The report shows that Cambodia’s tourism competitiveness is lower than its regional neighbours due in part to its relatively weak business environment.

The World Economic Forum’s Tourism and Travel Competitive Index for 2018 ranked Cambodia 98th out of 140 countries, stating that Cambodia scored worse on indicators relating to ease of doing business. This report put Cambodia 144th out of 190 countries this year.

Private tourism sector operators have noted that it is difficult, time-consuming and expensive for private companies to start a business.

Eco-tourism development in Cambodia is primarily led by donor agencies, civilians and the private sector. This can create distance between government agencies and local communities, making monitoring and regulatory enforcement difficult.

“Reliance on external support and funding can also lead to ecotourism projects being abandoned or converted into mass tourism sites when funding ends,” the World Bank said.

The report said planning for ecotourism-related infrastructure development must be done with care and consideration for the environment. “Insufficient transport infrastructure and weak services hinder sustainable tourism development because many secondary destinations are unable to attract private investment in quality tourist service infrastructure,” it said.

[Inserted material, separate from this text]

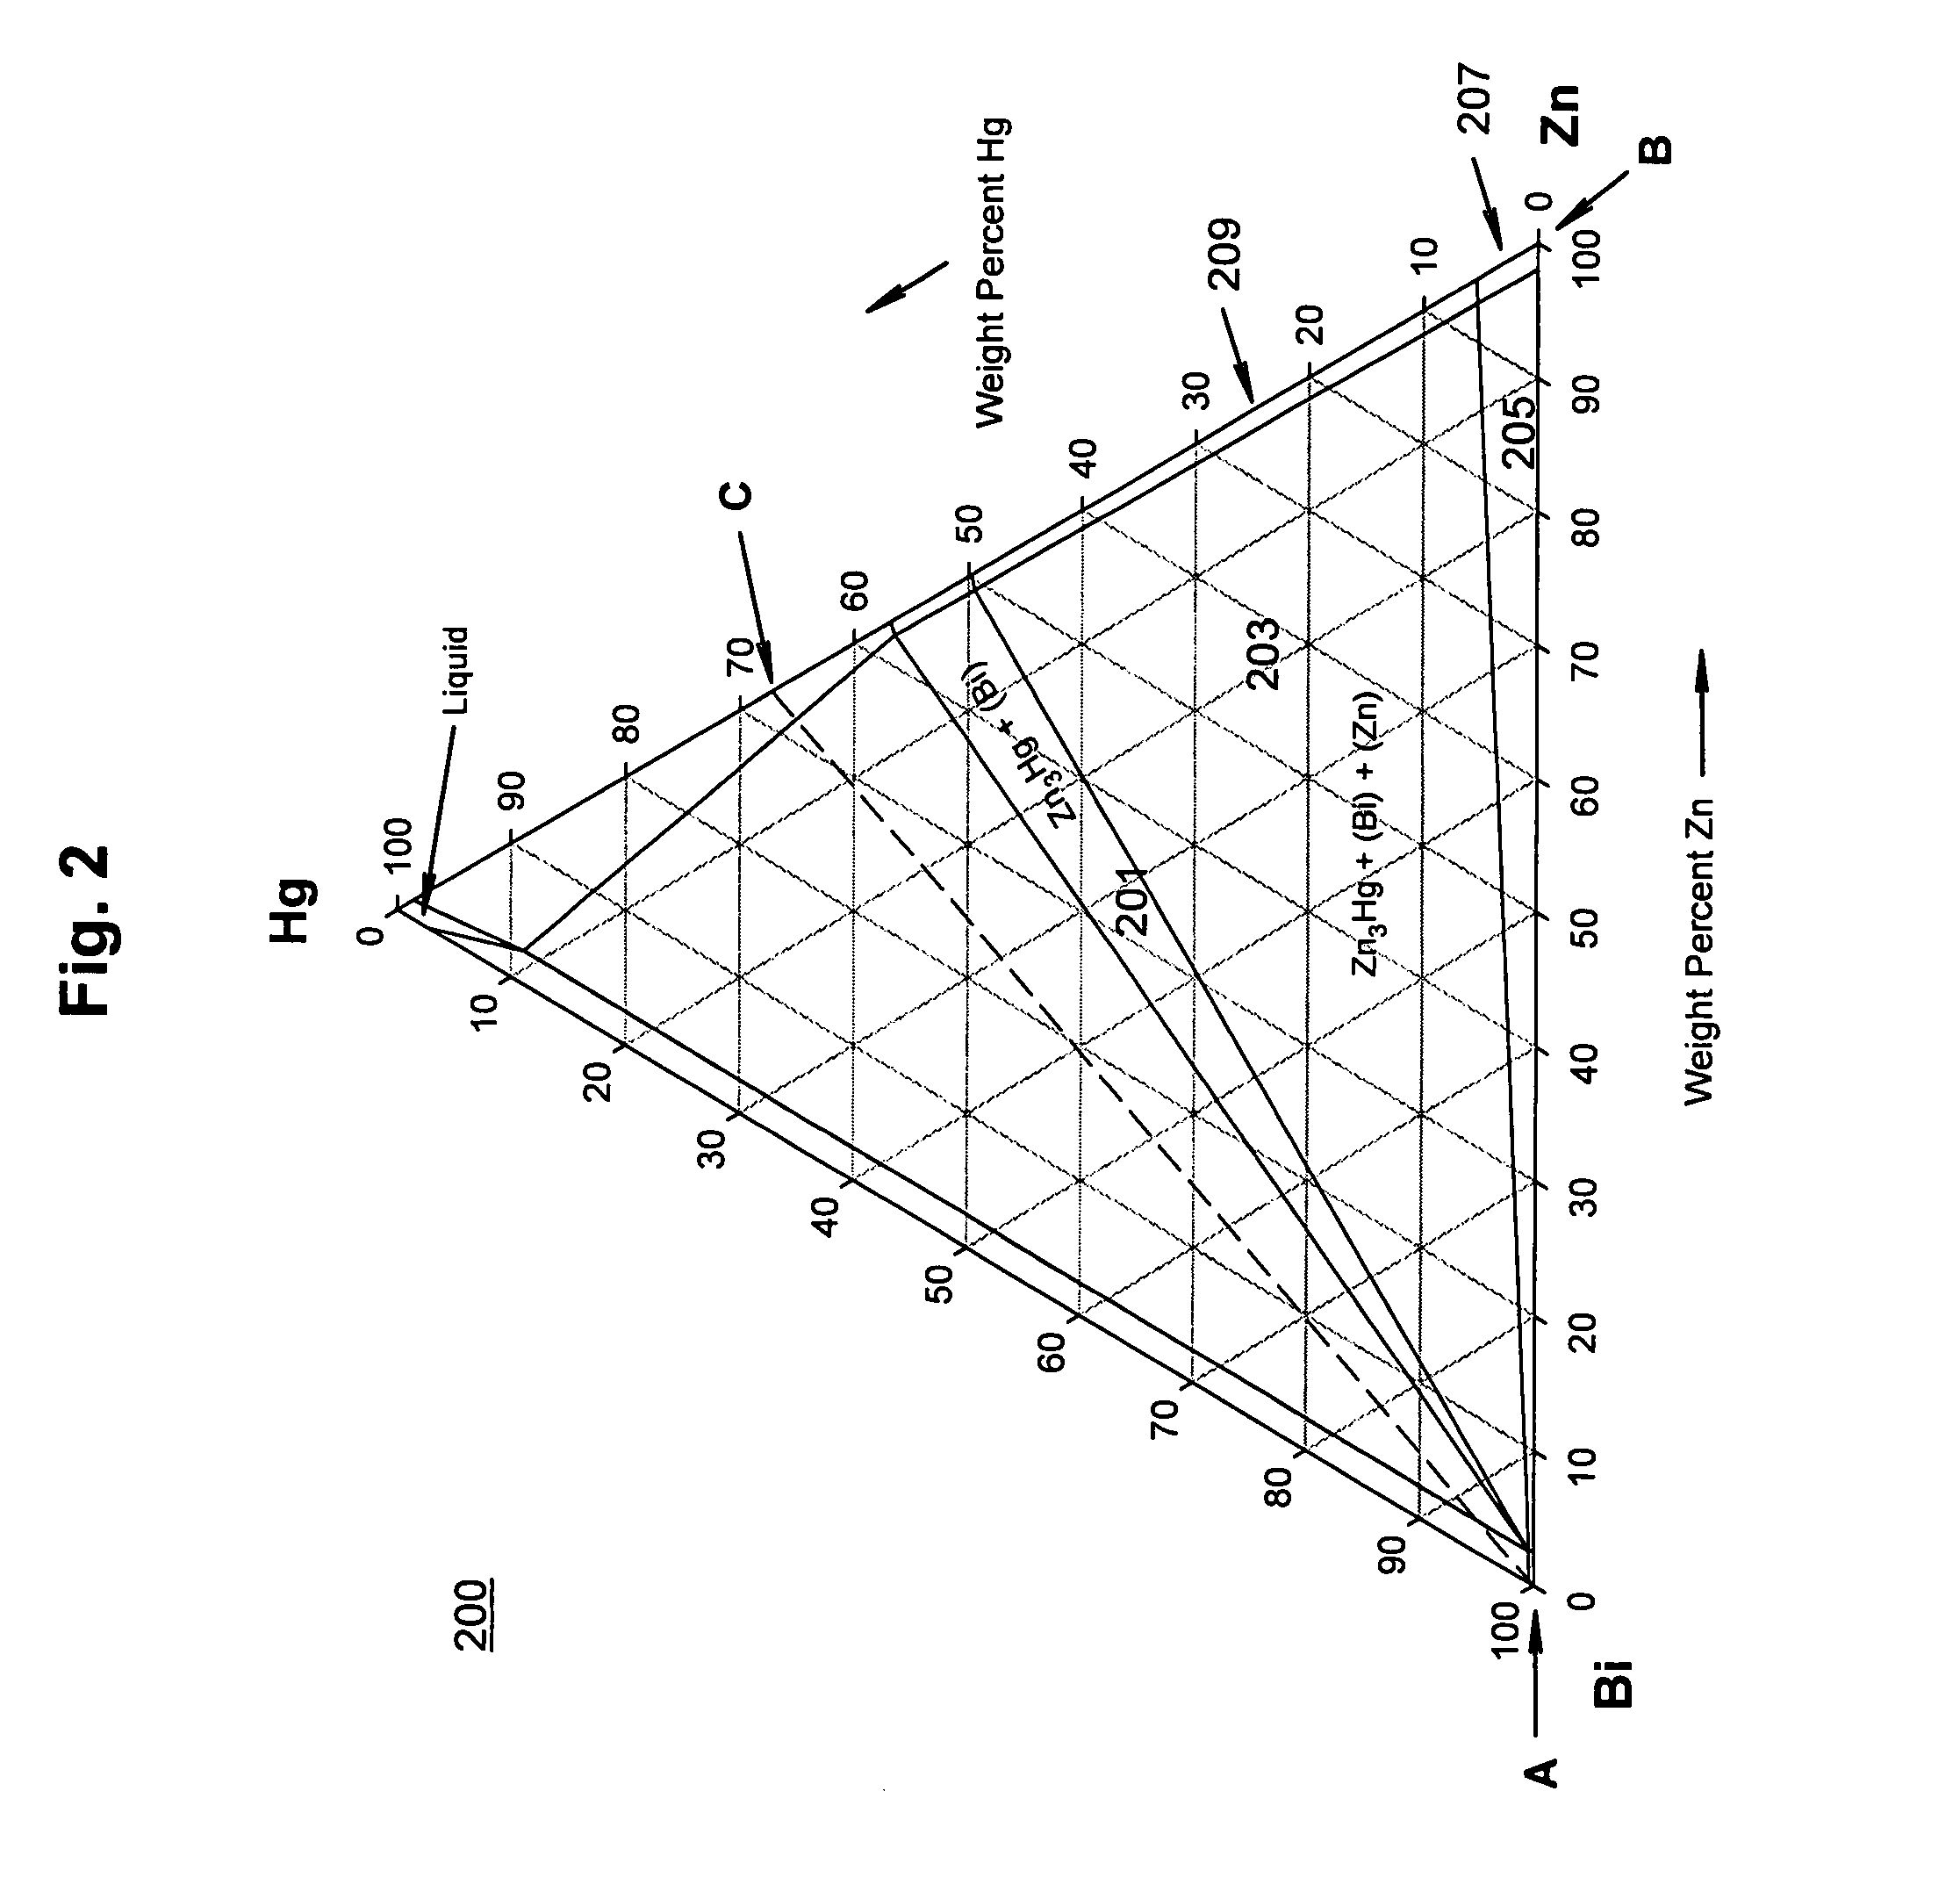 wiring diagrams for a sodium vapor lamps metal halide lamp High Pressure  Sodium Vapor Lights High Pressure Sodium Vapor Lights
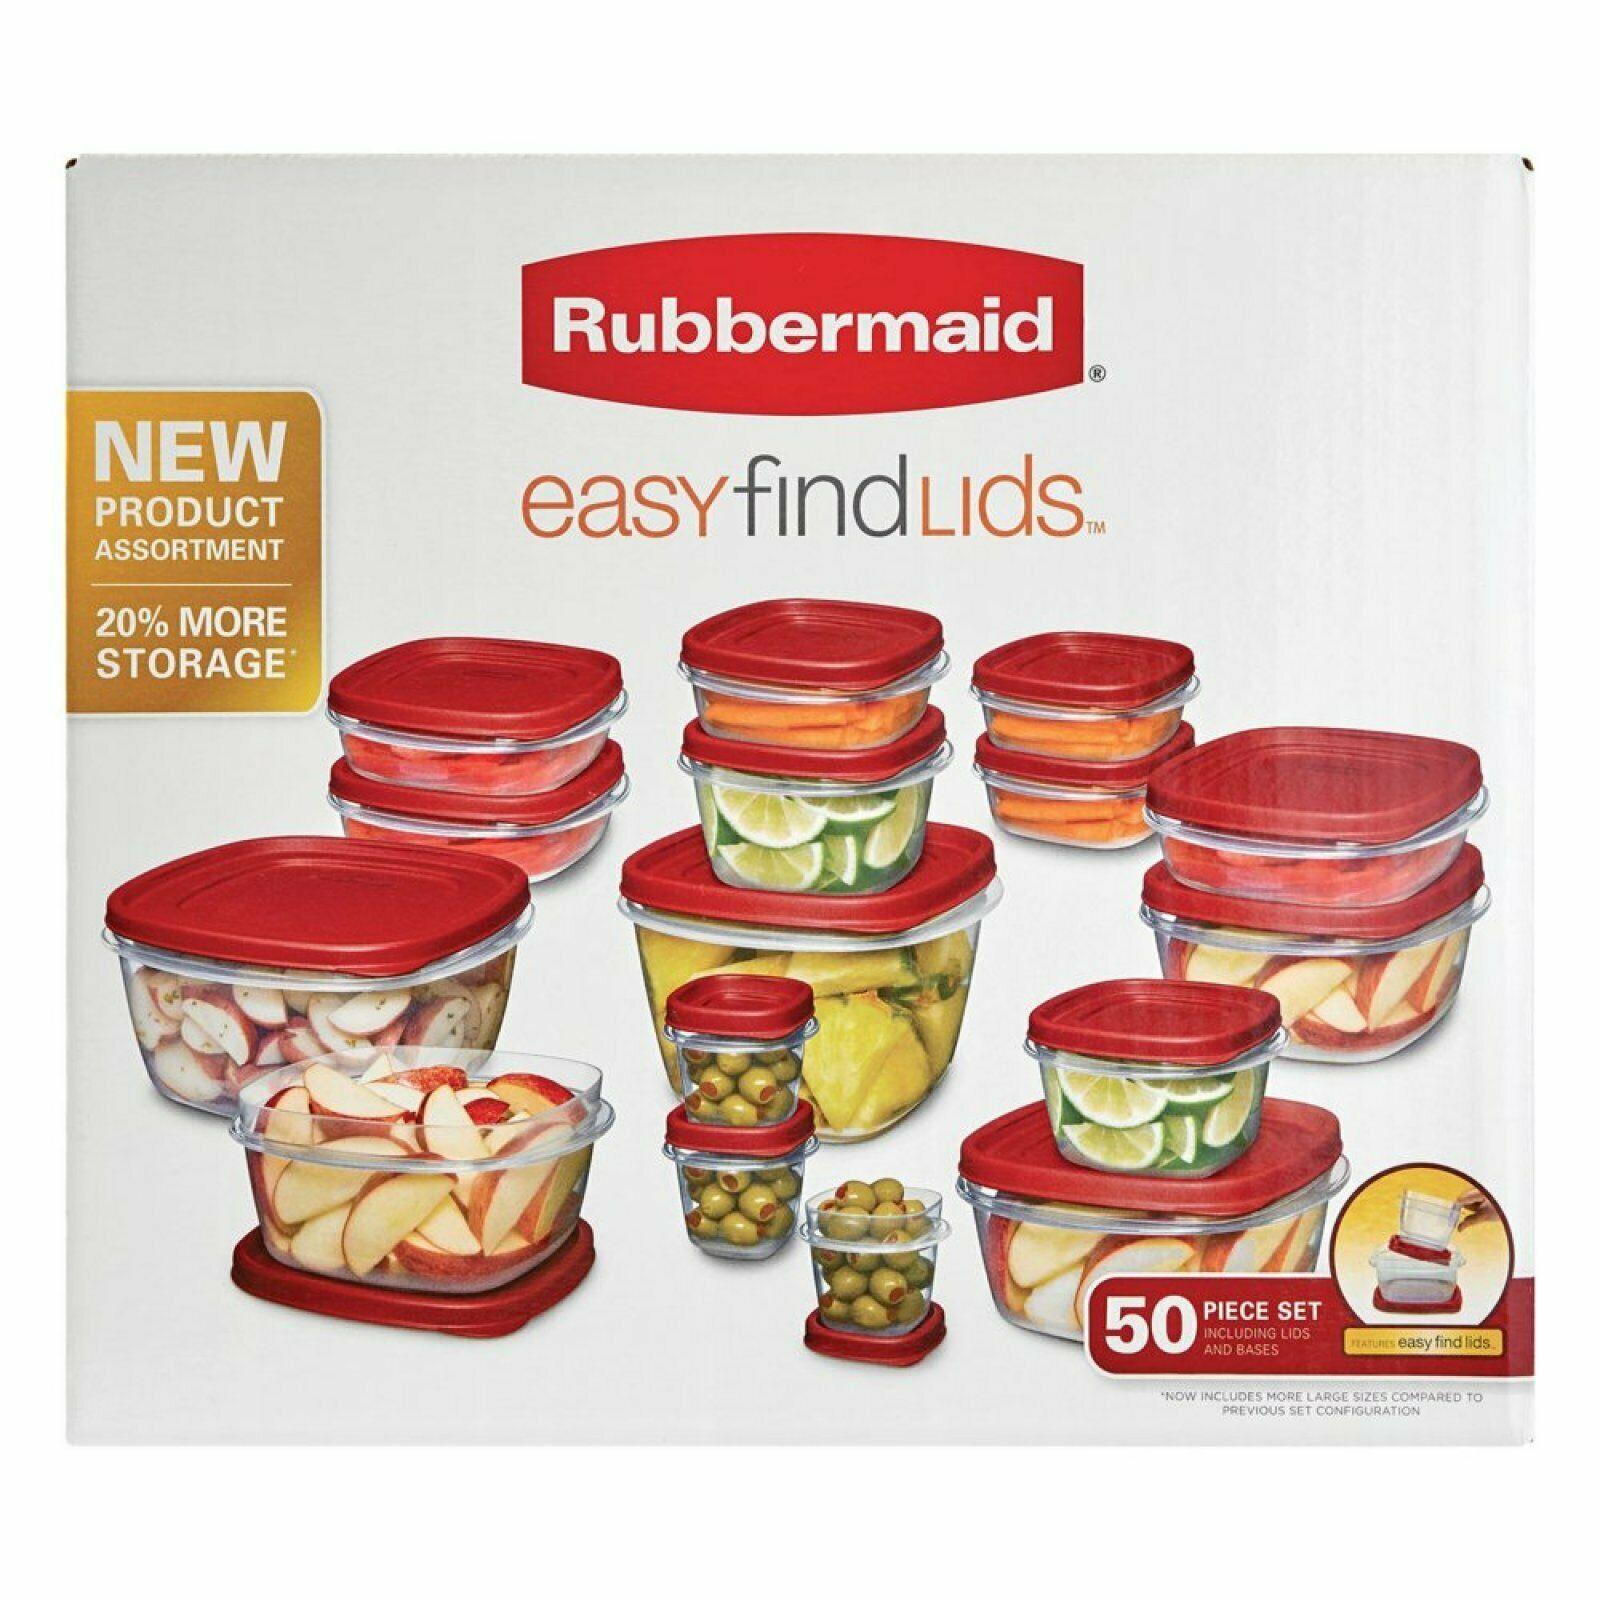 Rubbermaid 50-Piece Easy Find Lids Food Storage Kitchen Dishes Convenience Set 1

Lack of market research, inadequate marketing and branding of tourism sites, inadequate protection of ecotourism assets and low quality of ecotourism offerings and services are other challenges, the report said.

Top Sopheak, the ministry spokesman, recognises that there are still limitations in eco-tourism development. However, he says the government is working promote the development. “We are now mainly focusing on eco-tourism. Especially, the minister of tourism is drawing up plans for the development of tourism communities in the country,” he said. “We have set up an inter-ministerial committee to work on eco-tourism development. We have an eco-tourism working group, which is chaired by the minister of economic and finance and we need to have a good cooperation among the ministries so the sector will be developed smoothly.”

Sopheak said that adding to the National Eco-Tourism Policy, the government is preparing a law on eco-tourism that will be a main impetus for its development. “We have limitations to other facilities to support tourism – road connections to tourism sites and, especially, the quality of service,” he said.

Tith Chantha, the Ministry of Tourism’s secretary of state, said COVID-19 hit tourism hard. The Kingdom’s tourism sector will lose $5 billion in revenue in 2020. In recent years, the Cambodia tourism sector has earned about $6 billion a year from domestic and international travel. In 2019, eco-tourism accounted for 16 percent of the total number of tourists. The number doubled between 2014 and 2019, the World Bank said.